In addition to the discount or commission amount paid to
selected dealers or agents, the Principal Underwriter may from
time to time pay additional cash bonuses or other incentives to
selected dealers in connection with the sale of shares of the
Fund. On some occasions, such bonuses or incentives may be
conditioned upon the sale of a specified minimum dollar amount of
the shares of the Fund and/or other Alliance Mutual Funds, as
defined below, during a specific period of time. At the option
of the dealer such bonuses or other incentives may take the form
of payment for travel expenses, including lodging incurred in
connection with trips taken by persons associated with the dealer
and members of their families to places within or outside of the
United States.
21
<PAGE>
Alternative Purchase Arrangements
The Fund issues three classes of shares: Class A shares are
sold to investors choosing the initial sales charge alternative,
Class B shares are sold to investors choosing the deferred sales
charge alternative, and Class C shares are sold to investors
choosing the asset-based sales charge alternative. The three
classes of shares each represent an interest in the same
portfolio of investments of the Fund, have the same rights and
are identical in all respects, except that (i) Class A shares
bear the expense of the initial sales charge and Class B shares
bear the expense of the deferred sales charge, (ii) Class B
shares and Class C shares each bear the expense of a higher
distribution services fee, and in the case of Class B shares
transfer agency costs, (iii) each class has exclusive voting
rights with respect to provisions of the Rule 12b-1 Plan pursuant
to which its distribution services fee is paid which relates to a
specific class and other matters for which separate class voting
is appropriate under applicable law, provided that, if the Fund
submits to a vote of both the Class A shareholders and the Class
B shareholders an amendment to the Rule 12b-1 Plan that would
materially increase the amount to be paid thereunder with respect
to the Class A shares, the Class A shareholders and the Class B
shareholders will vote separately by Class, and (iv) only the
Class B shares are subject to a conversion feature.

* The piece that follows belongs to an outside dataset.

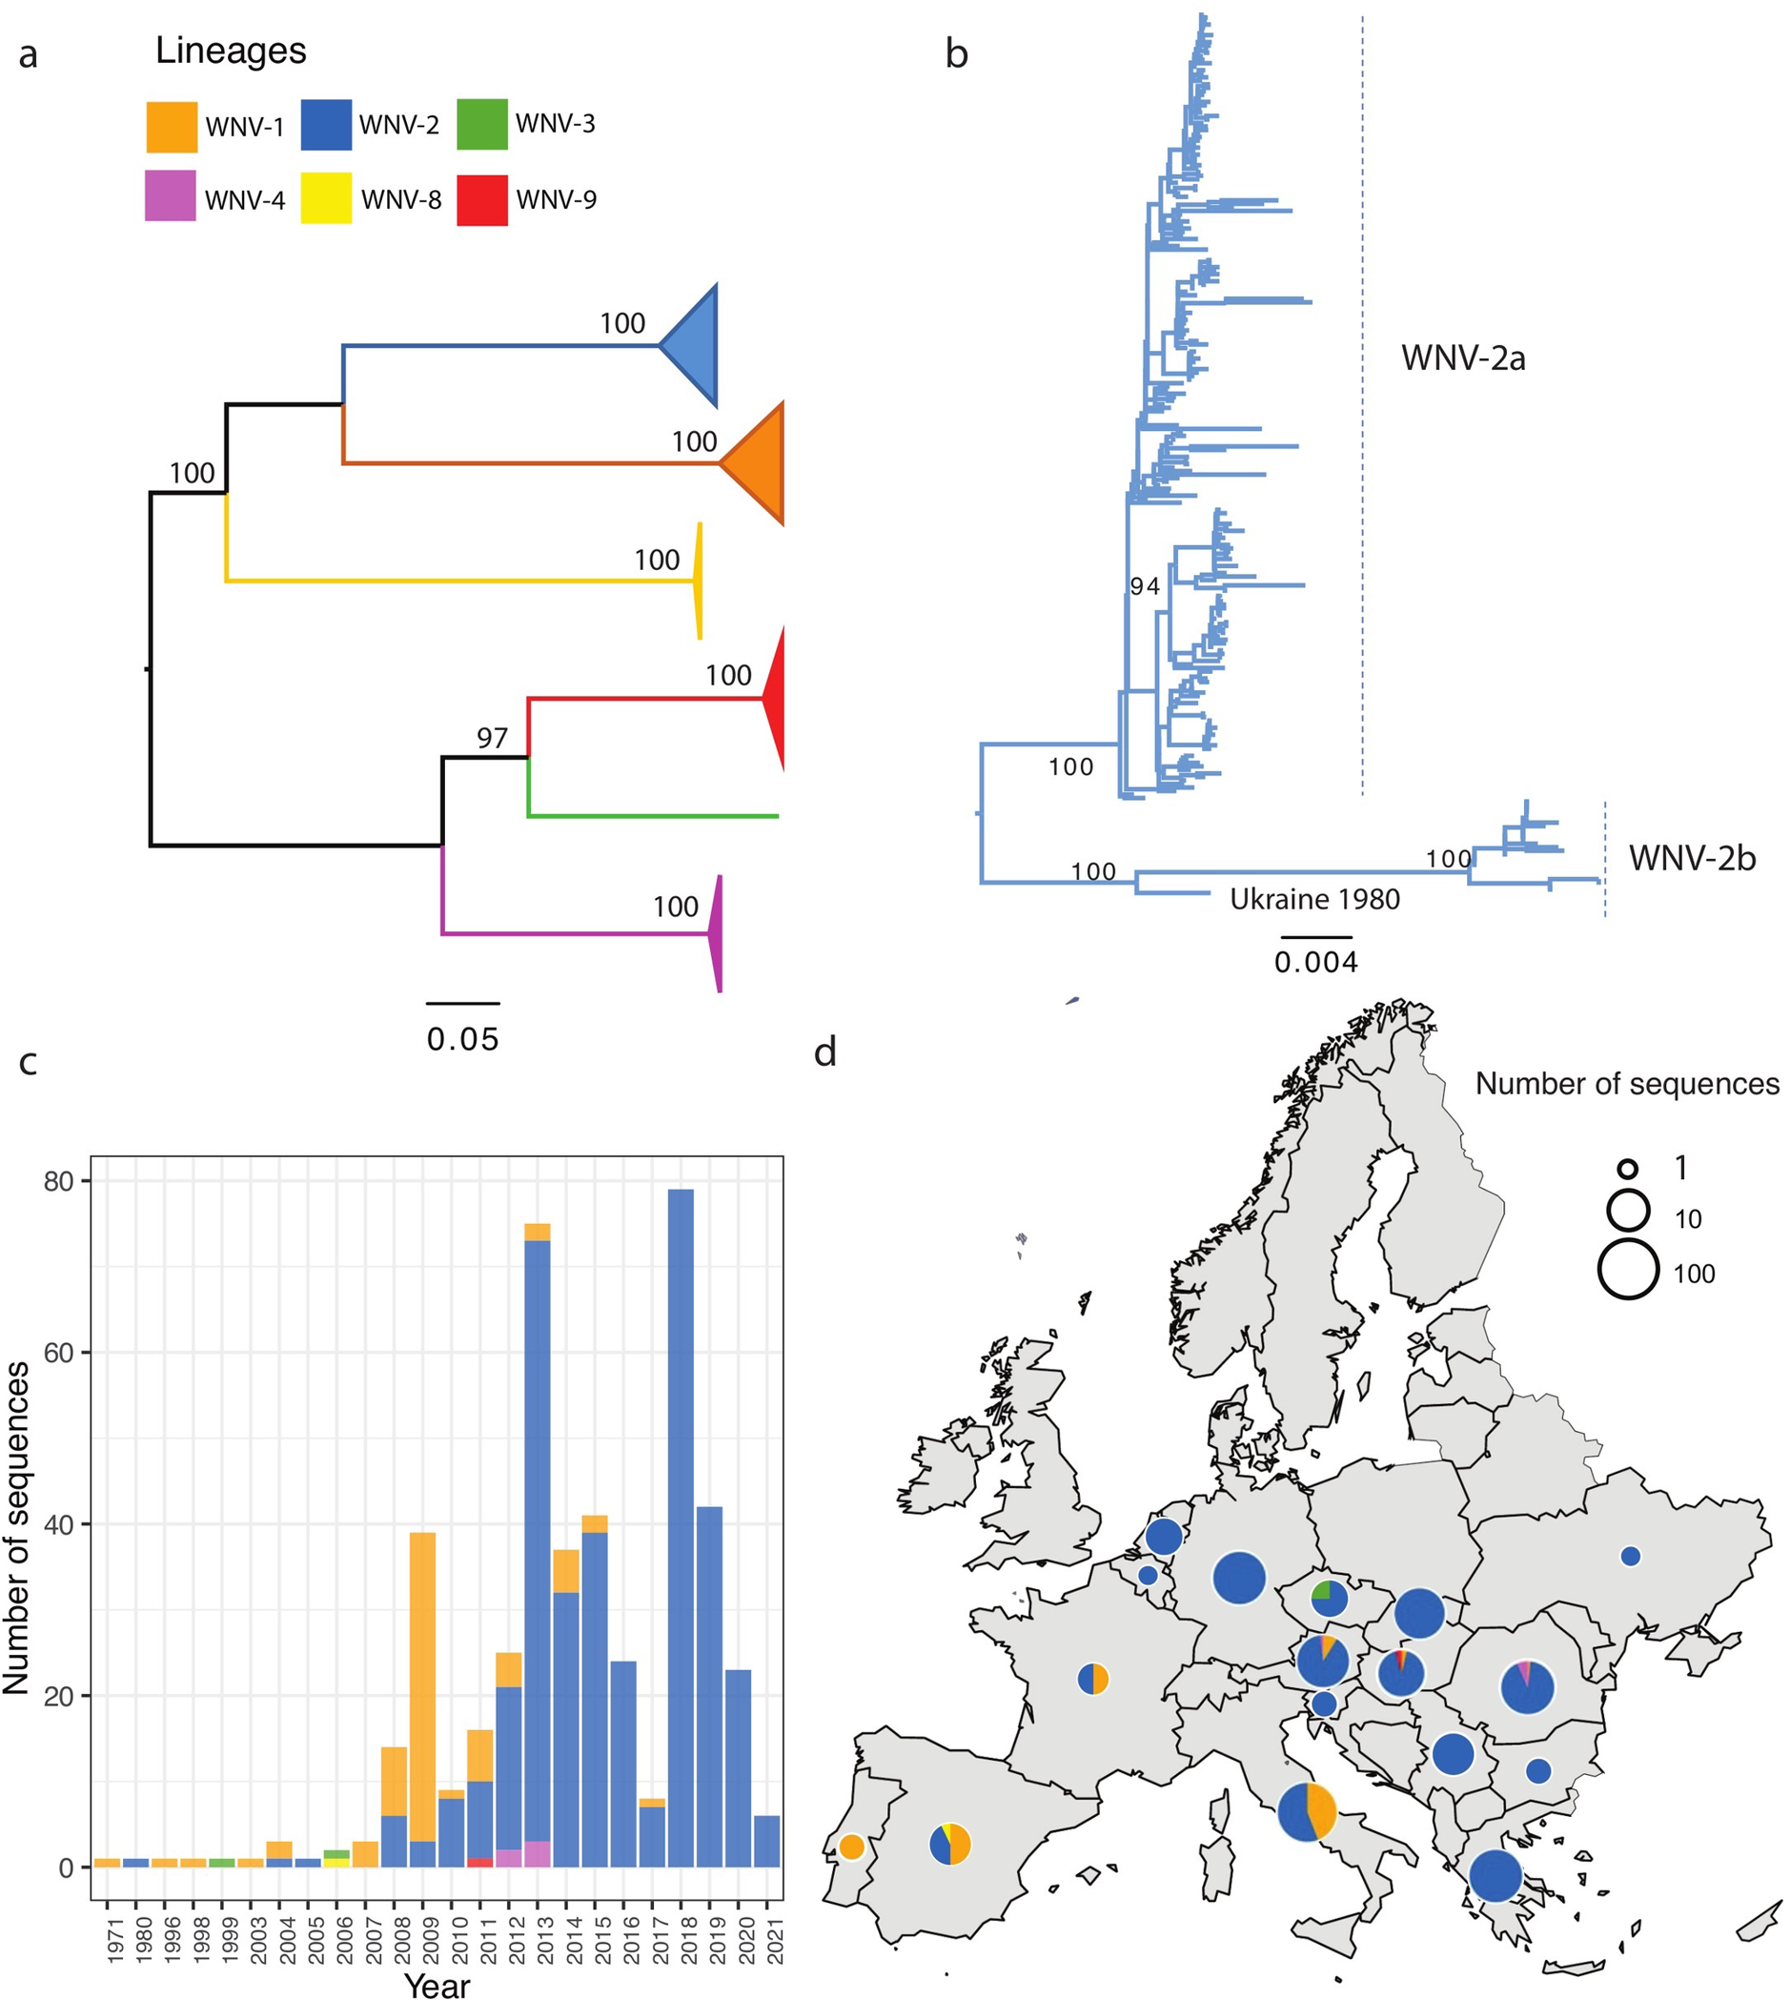 Phylogenetic analysis of WNV complete and partial nucleotide sequences identified from Europe.  Evolutionary distances were calculated using the optimal GTR+I model, with the phylogenetic tree constructed using the maximum likelihood (ML) method.  Bootstrap values ​​are given for 1000 replicates.  (a) ML trees of all genera found in Europe.  The branches of the lines are all collapsed and shown as rectangles;  (b) subtree of WNV-2 sequences;  (c) WNV lineage distribution over time using the same color as shown in the tree;  (d) Geographical distribution of WNV lineages.  Map with a small pie chart showing the total number of sequences detected in each country (on a logarithmic scale), with each slice proportional to the number of distinct WNV lineages within that country.  The European shapefile used in the study was obtained from Data & Maps for ArcGIS (formerly Esri Data & Maps, https://www.arcgis.com/home/group.html?id=24838c2d95e14dd18c25e9bad55a7f82#overview) under a CC4B0Y.  License.

Each class
has different exchange privileges and certain different
shareholder service options available.
The alternative purchase arrangements permit an investor to
choose the method of purchasing shares that is most beneficial
given the amount of the purchase, the length of time the investor
expects to hold the shares, and other circumstances. Investors
should consider whether, during the anticipated life of their
investment in the Fund, the accumulated distribution services fee
and contingent deferred sales charges on Class B shares prior to
conversion, or the accumulated distribution services fee on Class
C shares, would be less than the initial sales charge and
accumulated distribution services fee on Class A shares purchased
at the same time, and to what extent such differential would be
offset by the higher return of Class A shares. Class A shares
will normally be more beneficial than Class B shares to the
investor who qualifies for reduced initial sales charges on Class
A shares, as described below. In this regard, the Principal
Underwriter will reject any order (except orders from certain
retirement plans) for more than $250,000 for Class B shares.
Class C shares will normally not be suitable for the investor who
qualifies to purchase Class A shares at net asset value. For
this reason, the Principal Underwriter will reject any order for
more than $5,000,000 for Class C shares.
22
<PAGE>
Class A shares are subject to a lower distribution services
fee and, accordingly, pay correspondingly higher dividends per
share than Class B shares or Class C shares. However, because
initial sales charges are deducted at the time of purchase,
investors purchasing Class A shares would not have all their
funds invested initially and, therefore, would initially own
fewer shares. Investors not qualifying for reduced initial sales
charges who expect to maintain their investment for an extended
period of time might consider purchasing Class A shares because
the accumulated continuing distribution charges on Class B shares
or Class C shares may exceed the initial sales charge on Class A
shares during the life of the investment. Again, however, such
investors must weigh this consideration against the fact that,
because of such initial sales charges, not all their funds will
be invested initially.
Other investors might determine, however, that it would be
more advantageous to purchase Class B shares or Class C shares in
order to have all their funds invested initially, although
remaining subject to higher continuing distribution charges and,
in the case of Class B shares, being subject to a contingent
deferred sales charge for a four-year period. For example, based
on current fees and expenses, an investor subject to the 4.25%
initial sales charge would have to hold his or her investment
approximately seven years for the Class C distribution services
fee, to exceed the initial sales charge plus the accumulated
distribution services fee of Class A shares. In this example, an
investor intending to maintain his or her investment for a longer
period might consider purchasing Class A shares. This example
does not take into account the time value of money, which further
reduces the impact of the Class C distribution services fees on
the investment, fluctuations in net asset value or the effect of
different performance assumptions.
Those investors who prefer to have all of their funds
invested initially but may not wish to retain Fund shares for the
four-year period during which Class B shares are subject to a
contingent deferred sales charge may find it more advantageous to
purchase Class C shares.
The Directors of the Fund have determined that currently no
conflict of interest exists between or among the Class A, Class B
and Class C shares. On an ongoing basis, the Directors of the
Fund, pursuant to their fiduciary duties under the 1940 Act and
state laws, will seek to ensure that no such conflict arises.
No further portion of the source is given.